All those not on match duty elsewhere were called to class at Pretoria's F H Odendaal school, to practice such fiendish tasks as running with a flag in hand or not getting hit by the ball.
Well, not quite everyone was there to answer the register – predictably enough, despite assurances to the contrary, two under-fire refs sent notes to excuse their absence.
Roberto Rossi and England’s villain Jorge Larrionda both opted to spend the day in their hotel rooms instead of facing colleagues – or, more understandably perhaps, the mouth-foaming Press.
While those two dunces stayed in bed, England’s last man standing Howard Webb could saunter around as school swot having achieved the remarkable feat of ... making no major blunders so far.
(While, admittedly, doing about as sensibly as could be when both Italy and Slovenia started playing silly beggars - resisting temptation to flash a red card or several, that might only have turned the closing moments even more chaotic.)
He even felt comfortable enough chatting about – while, of course, playing down – his chances of being given the final, the refereeing equivalent of being made head boy.
And there was a visit by former pupil Urs Meier, who might have offered Larrionda advice on being England’s public enemy number one – though there’s more competition this time from the coach and players.
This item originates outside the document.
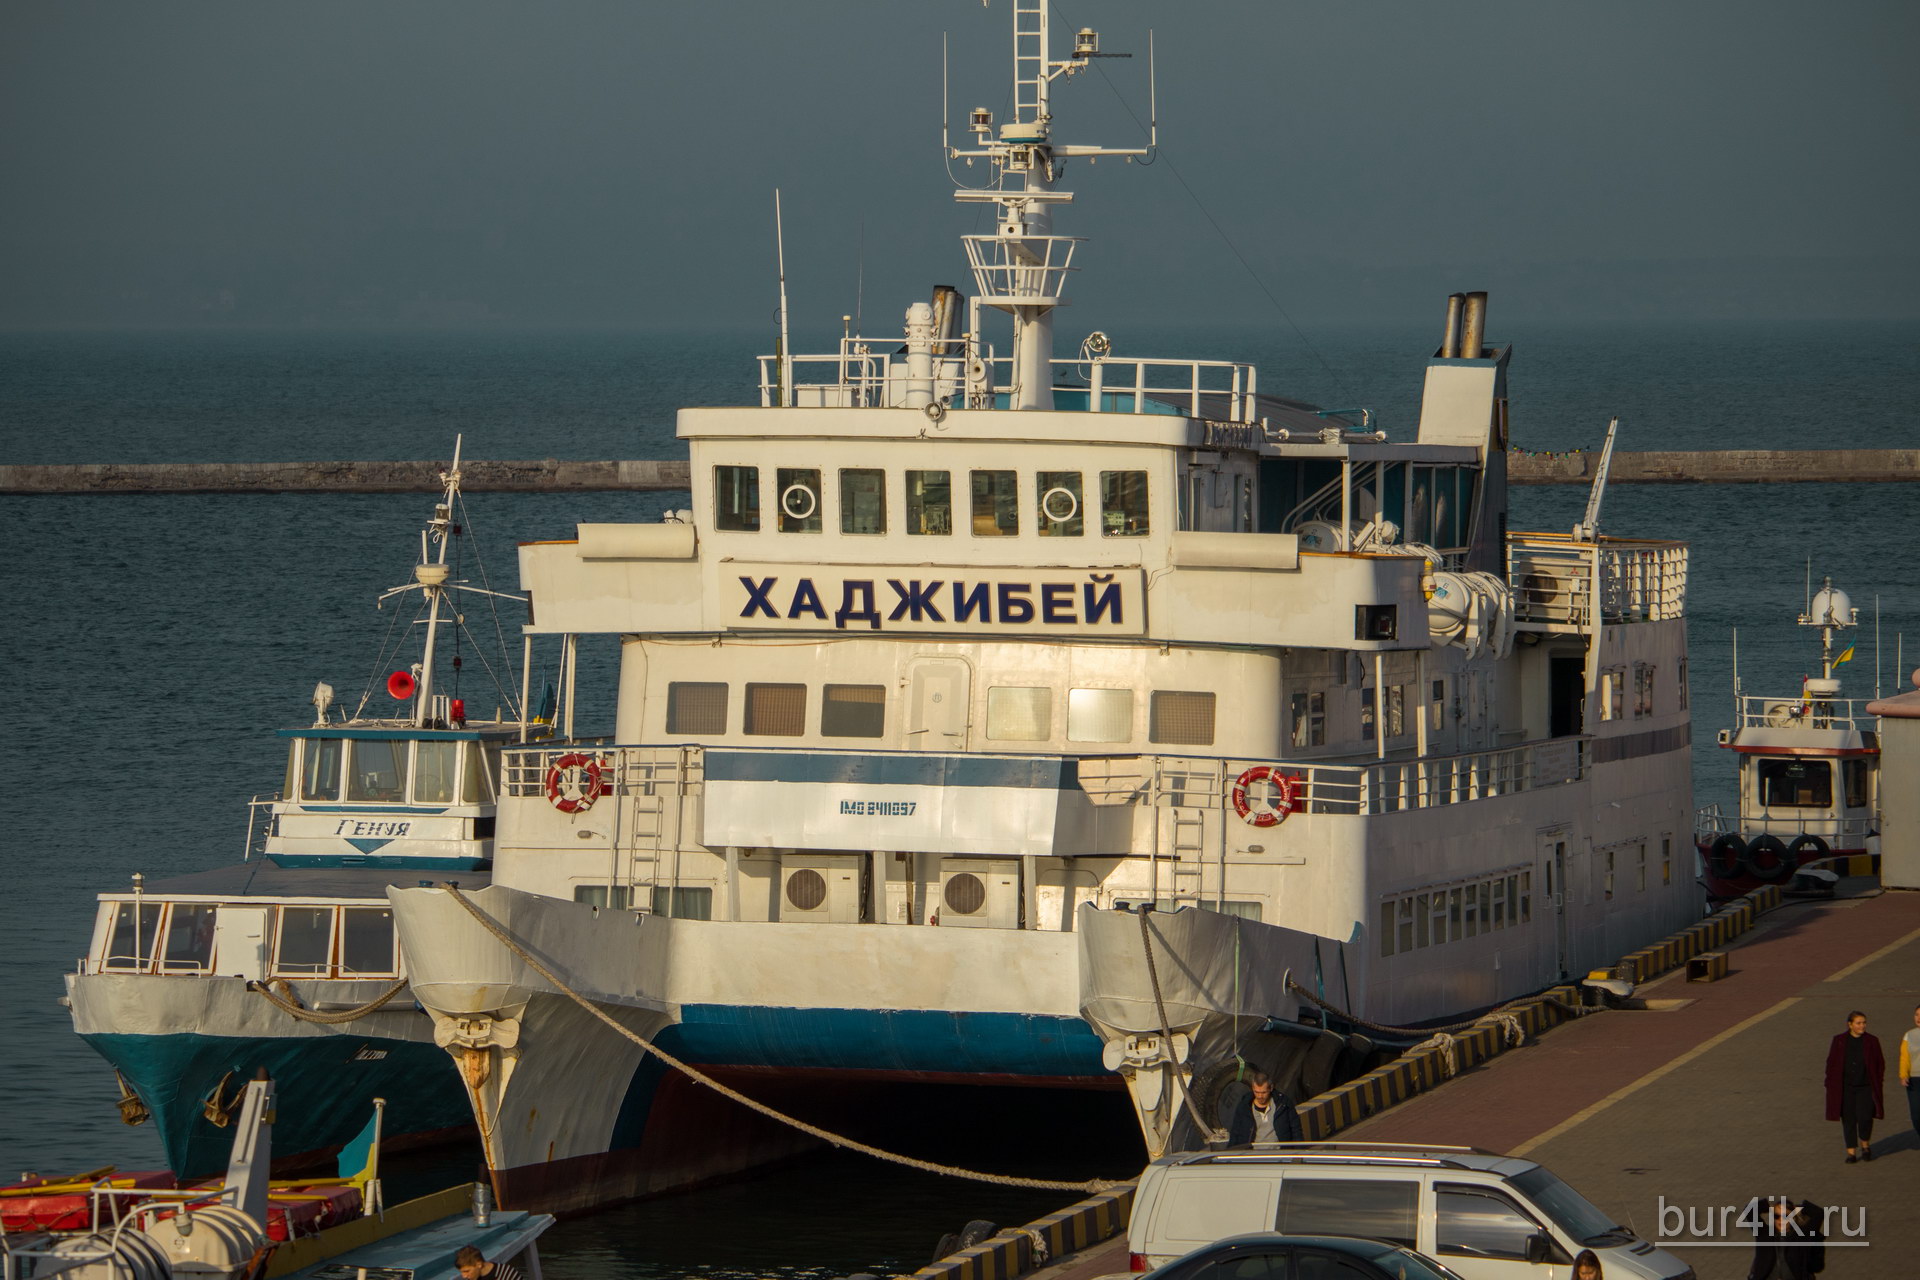 Судно под названием Хаджибей в порту города Одесса 2
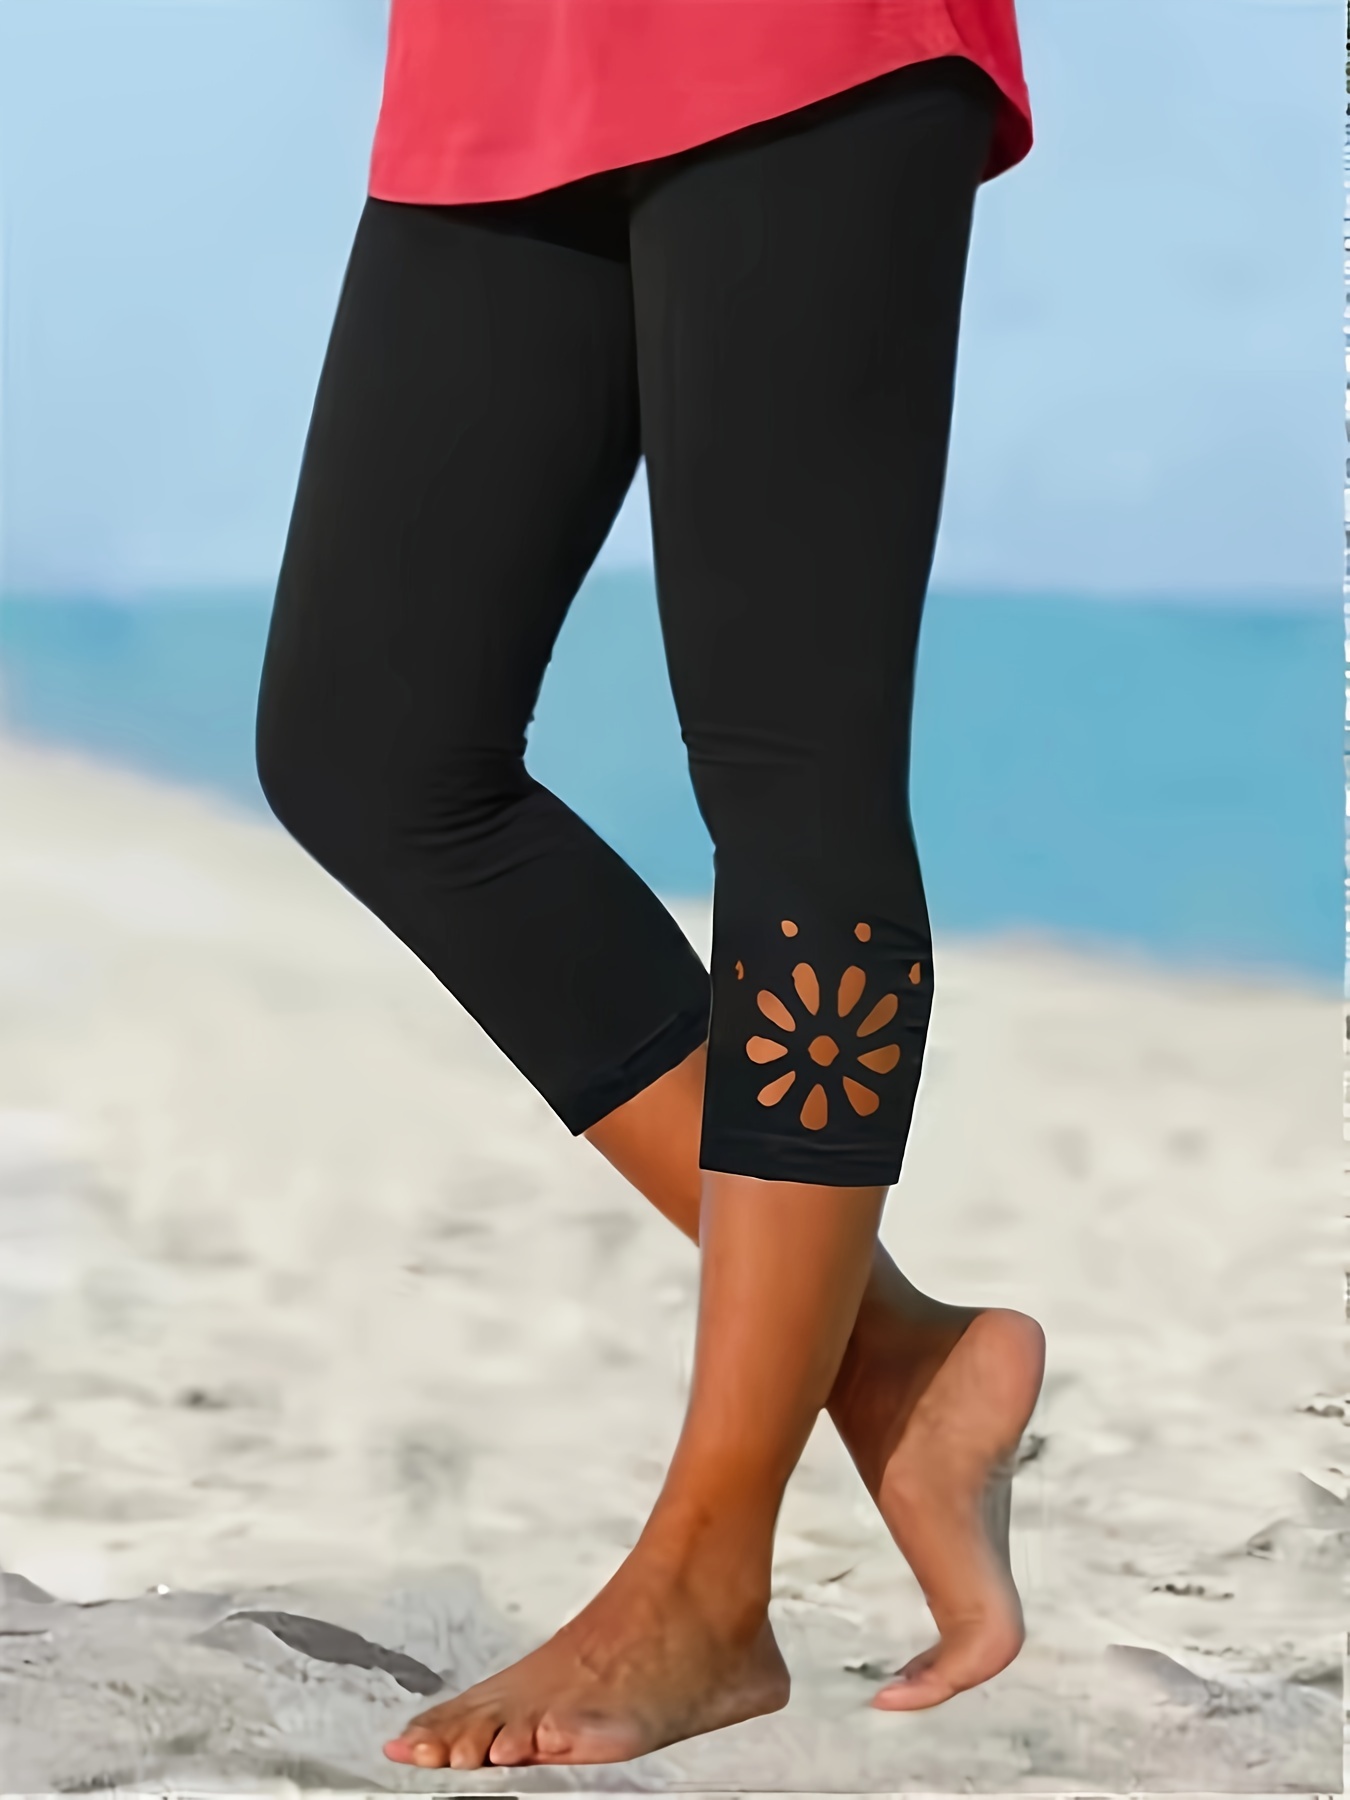 Capri Leggings for Women Knee Length Capris for Casual Summer Yoga

Meier was the Euro 2004 official who had the audacity to disallow Sol Campbell’s late ‘winner’ against Portugal, merely because an opponent attacked the elbow of England’s Brave John Terry.
But despite suffering torment by tabloid in 2004 – with nuisance calls and death threats from England’s lunatic fringe – magnanimous Meier was yesterday surprisingly sympathetic.
He spoke out in favour of goal-line technology – and insisted serving officials all agreed, but were too frightened to speak out until safely retired.
Those running today’s lessons – including hapless headmaster figure, refs’ boss Jose Maria Aranda - had done their best to recreate match conditions.
The portable plastic goals and patchy training pitches, overlooked by stern redbrick school halls, looked more village green than Soccer City.
But some rickety speakers blared out a recording of incessant vuvuzelas, one to file on your shelves next to Lou Reed’s Metal Machine Music.
Meanwhile, elsewhere Sepp Blatter was making an astonishing apology – and U-turn on video technology – in rather plusher surroundings, a swanky hotel in upmarket Sandton.
His words still got quickly back to refs’ school, however – printed on 200 sheets of A4 and rushed to Pretoria by police escort.
Over-reaction or otherwise, Sepp’s statement was weighty indeed, marking a ‘road to Damascus’ conversion – if, indeed, this proves more than just a time-stalling sop to be kicked back into long grass when – that is, if – the current fuss fades.
It could yet mean war with Uefa president Michel Platini, if his pet project of two extra assistant referees on the touchlines actually gets moved to the sidelines instead.
But then, Blatter is bidding for Fifa re-election next summer and might be vulnerable to someone promising populist reform.
And ven the folksy-talking, ‘Teflon Sepp’ must have felt embarrassed on Sunday, the afternoon that left English, Uruguayans and Swiss all for various reasons sent to the bottom of the class.